> [What you will do] Restate every line below word for word, but drop each picture.

*** Provided material ***

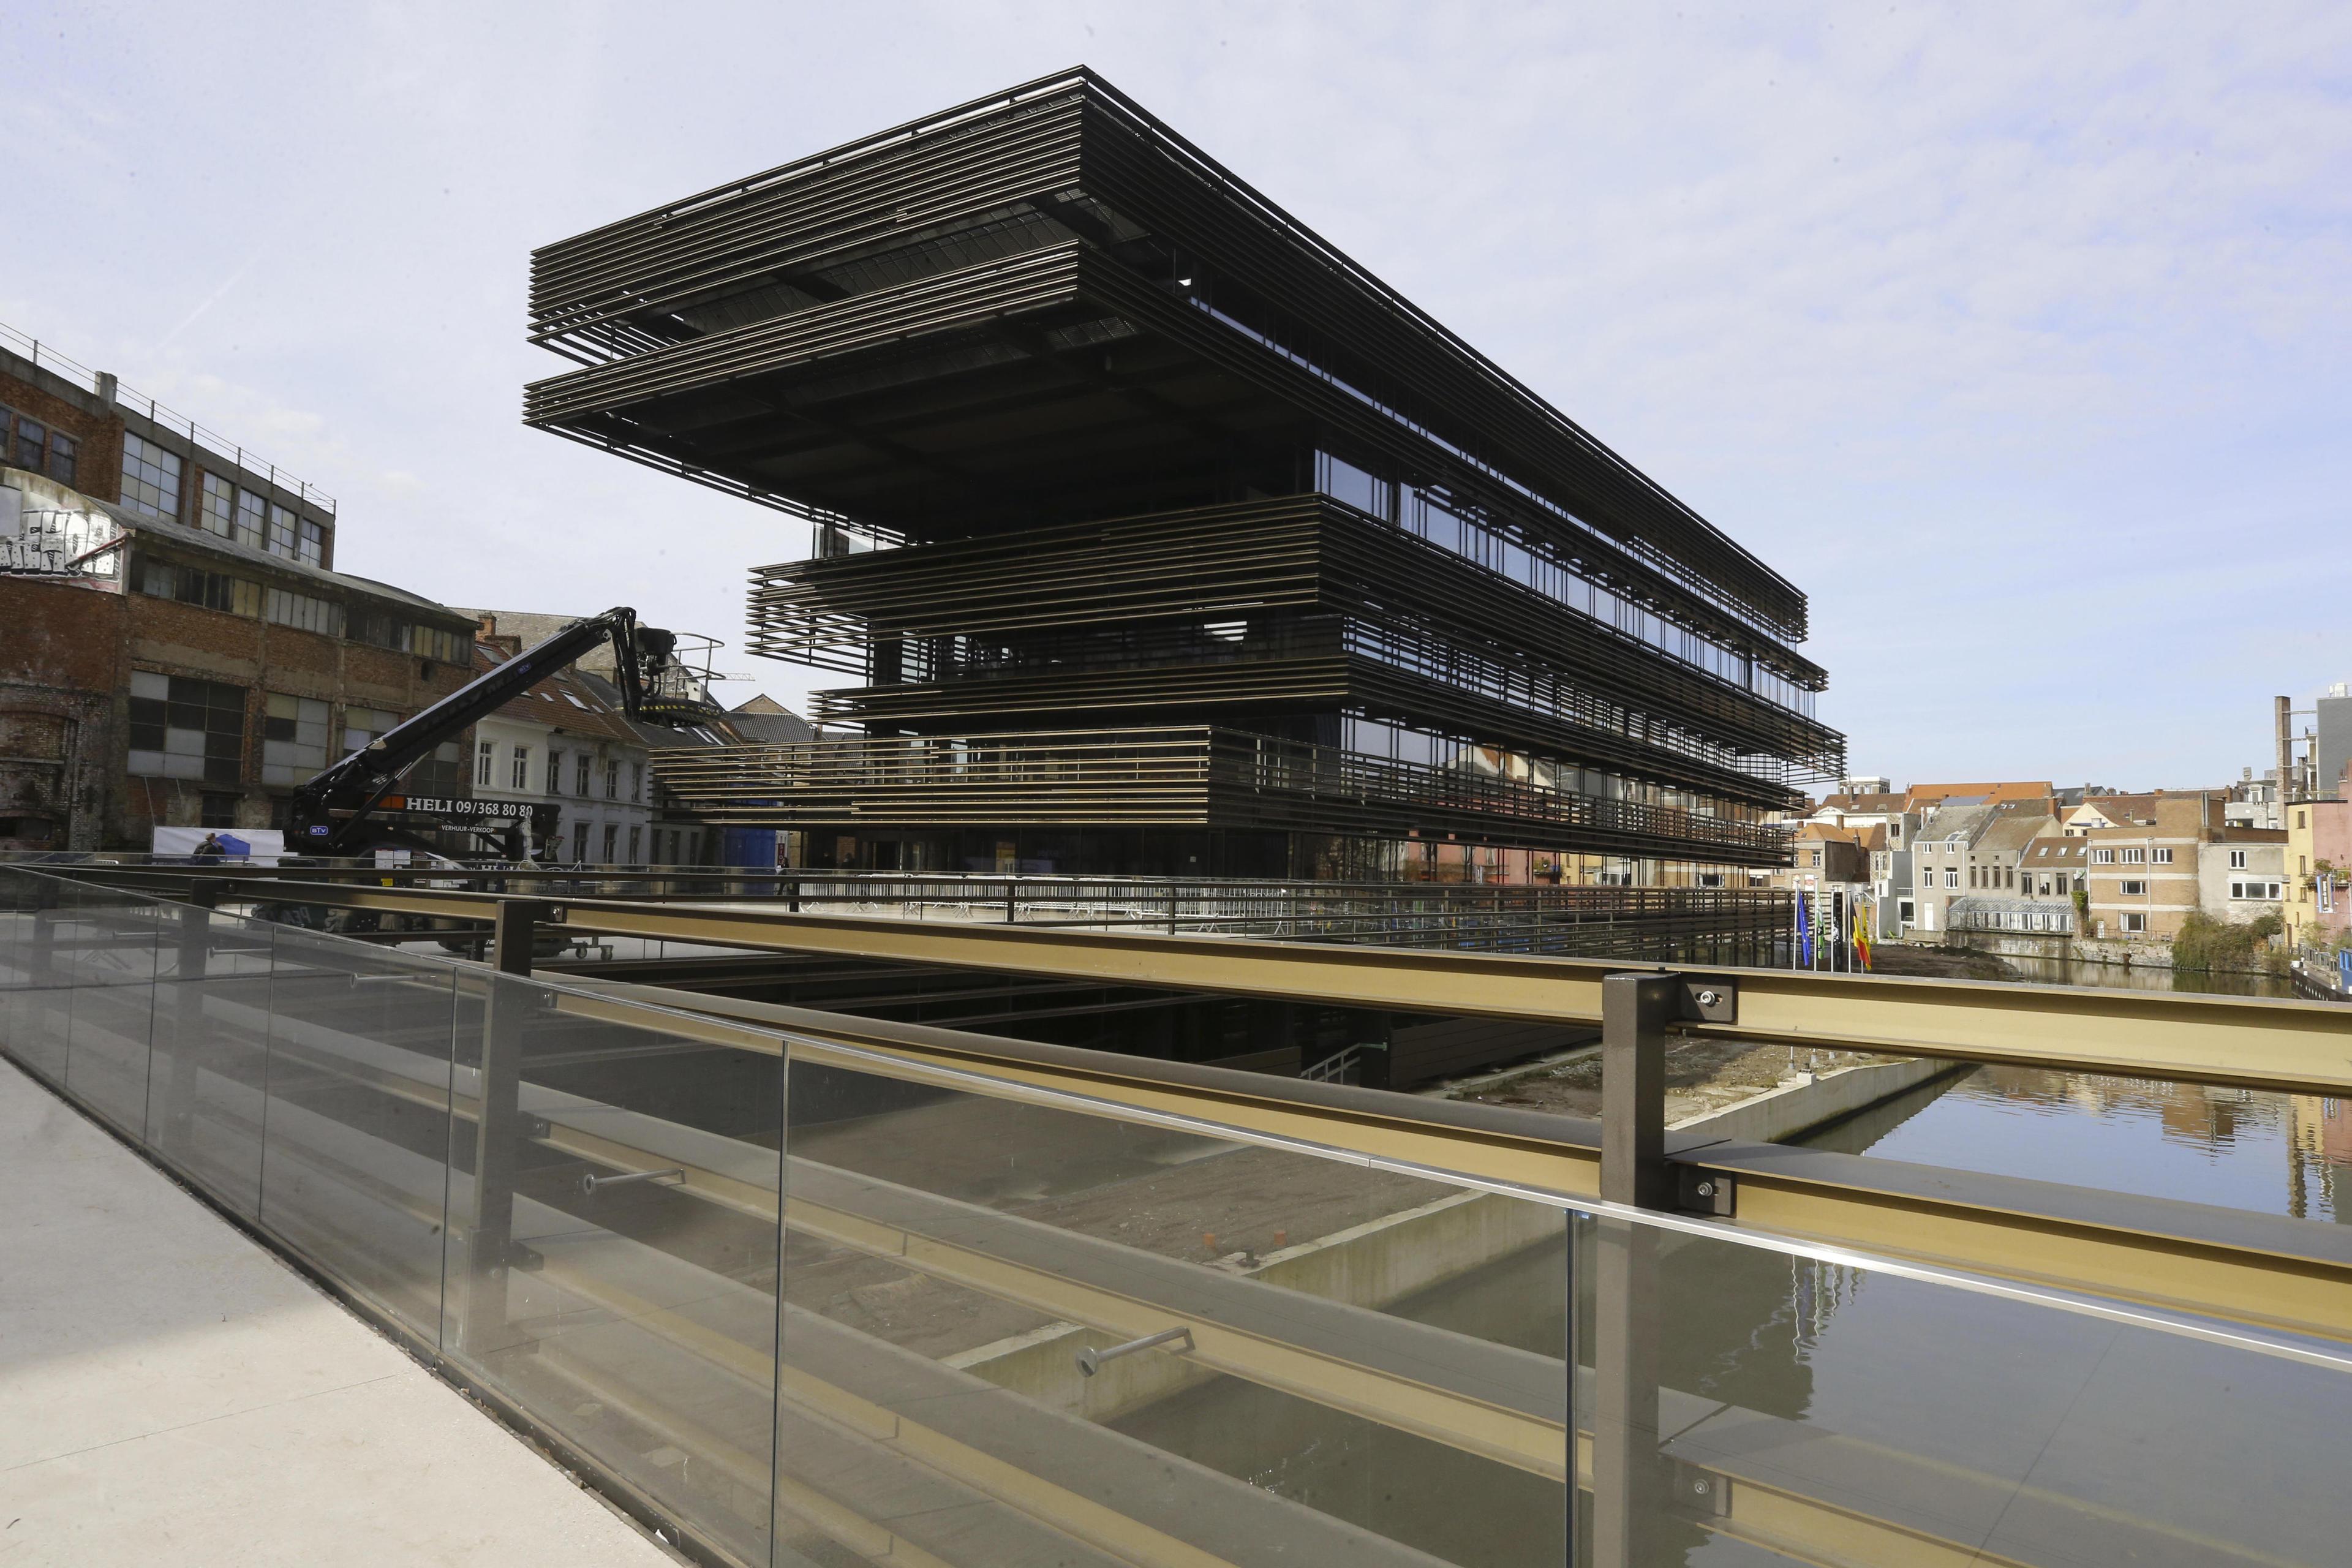 Bbc tipt de krook in gent als 1 van de 10 mooiste bibliotheken van de wereld vrt nws - Bibliotheek van de wereld ...
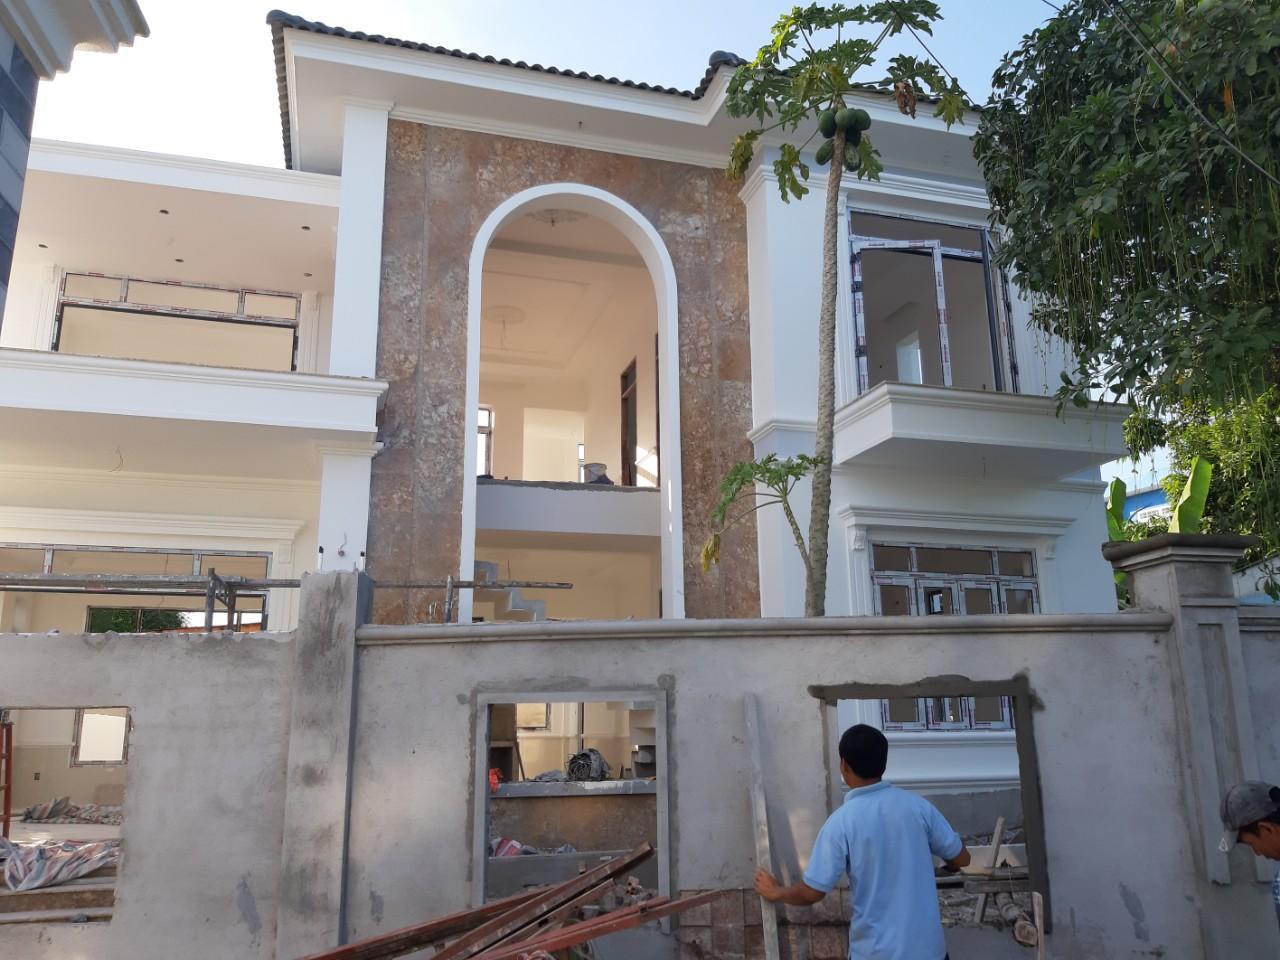 Một công trình xây dựng do Quang Phúc thực hiện tại Trà Bồng Quảng Ngãi
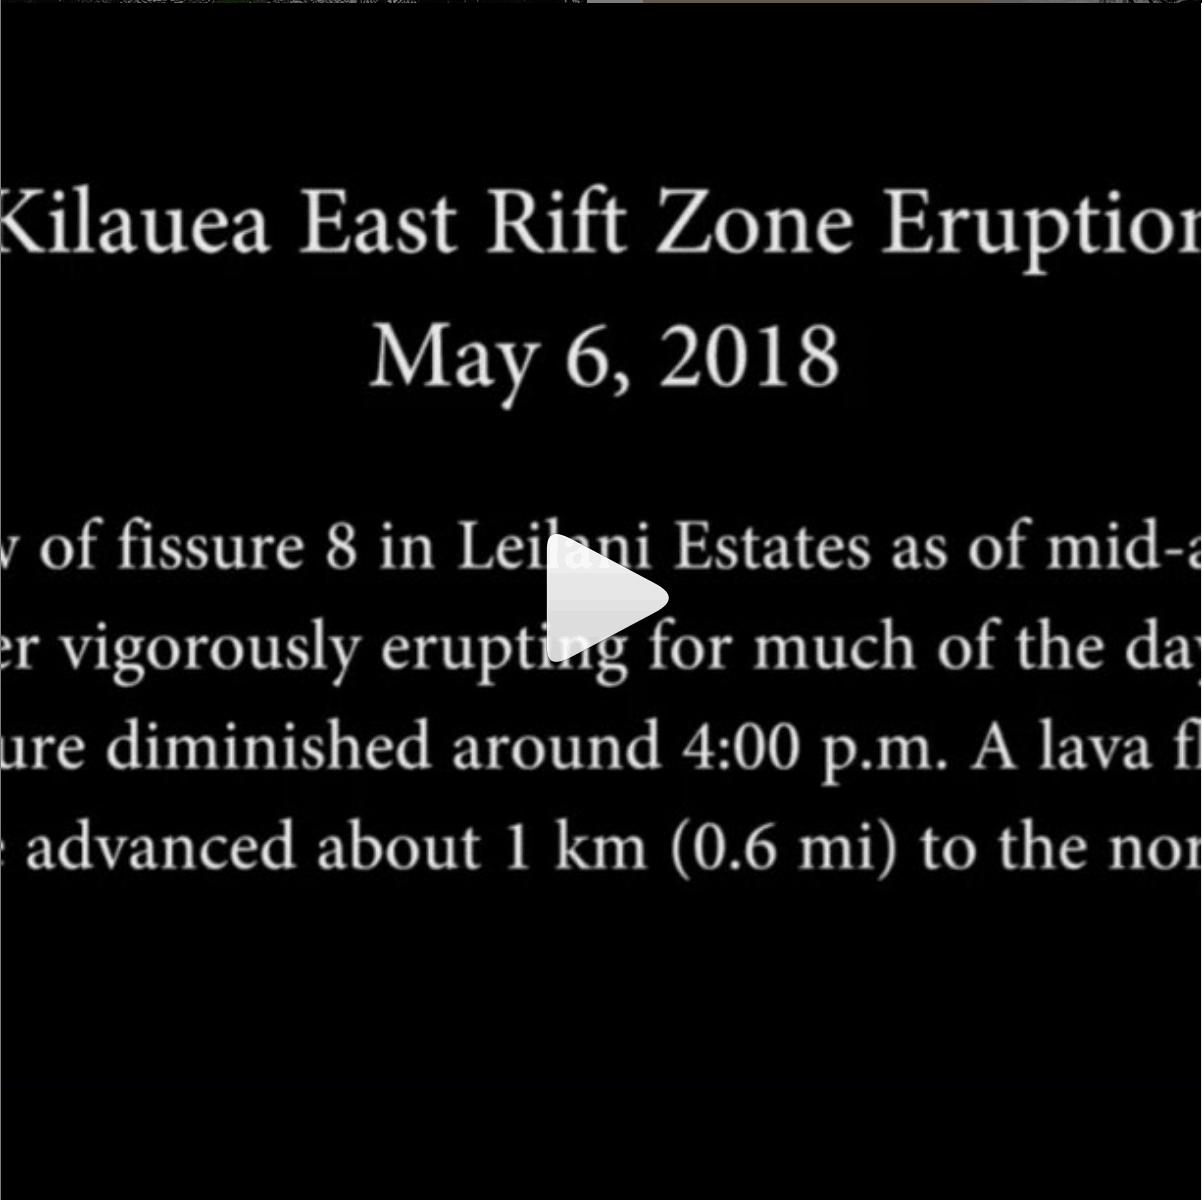 2018 LERZ eruption
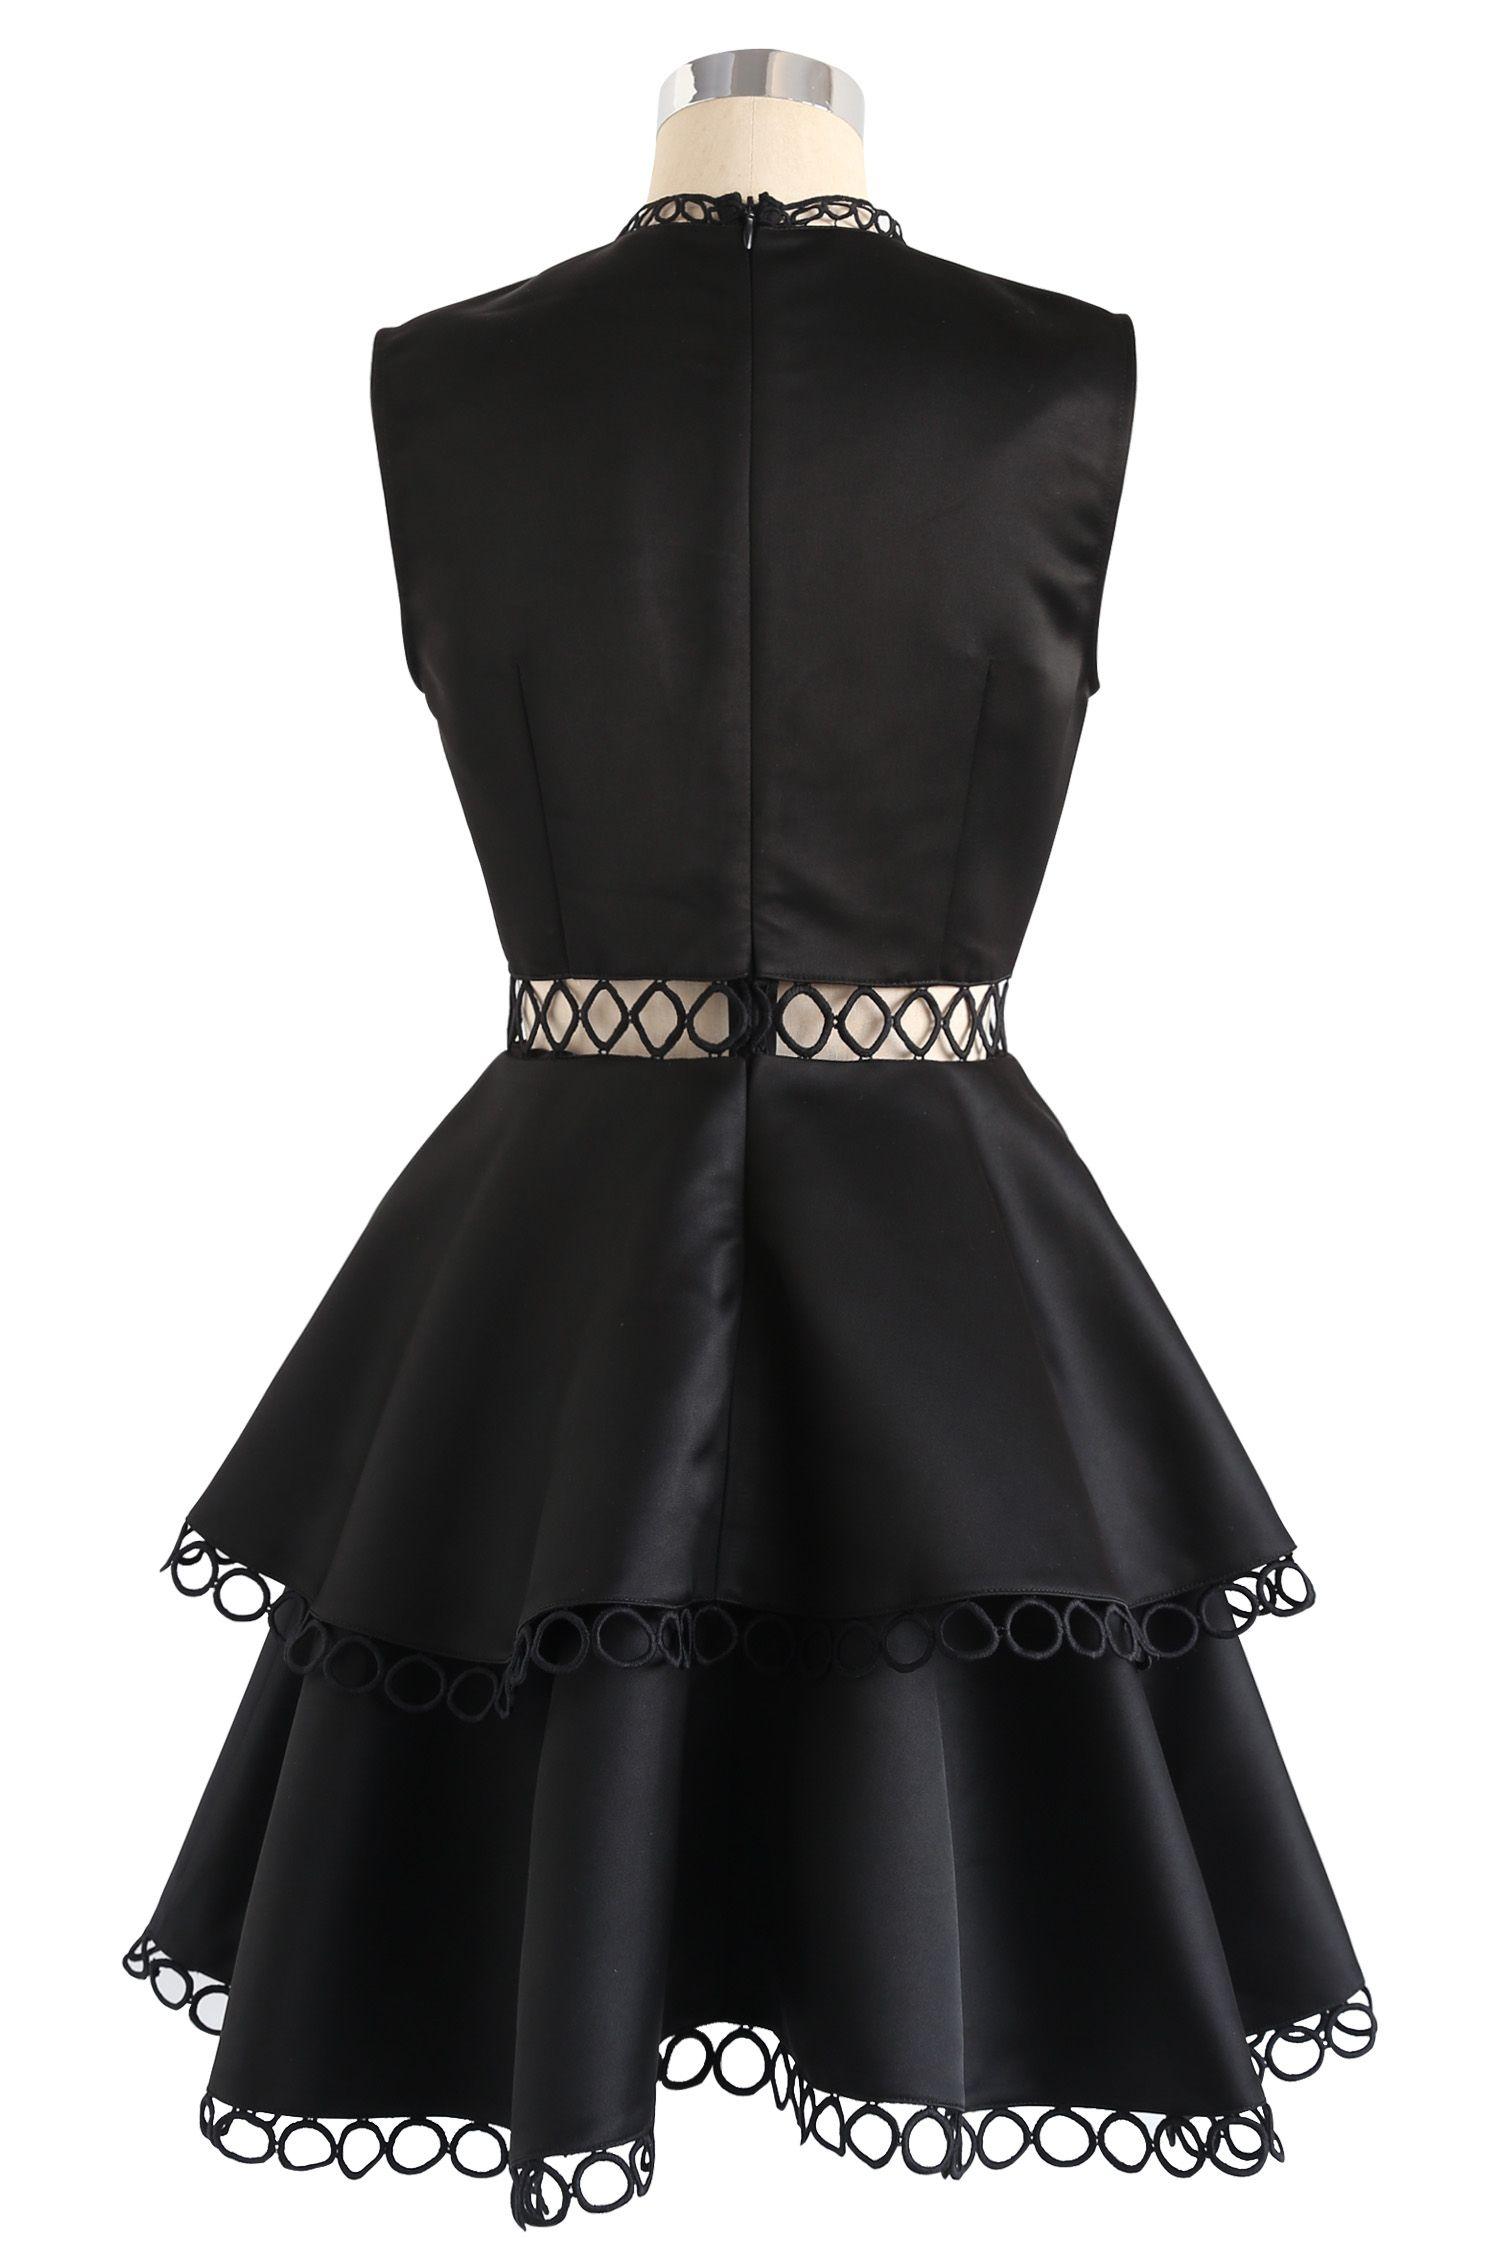 zeigen sie ihre eleganz - Ärmelloses schwarzes kleid mit ausschnitt

*** End of Provided material ***

> [Output for this exercise]
 Bbc tipt de krook in gent als 1 van de 10 mooiste bibliotheken van de wereld vrt nws - Bibliotheek van de wereld ...
 Một công trình xây dựng do Quang Phúc thực hiện tại Trà Bồng Quảng Ngãi
 2018 LERZ eruption
 zeigen sie ihre eleganz - Ärmelloses schwarzes kleid mit ausschnitt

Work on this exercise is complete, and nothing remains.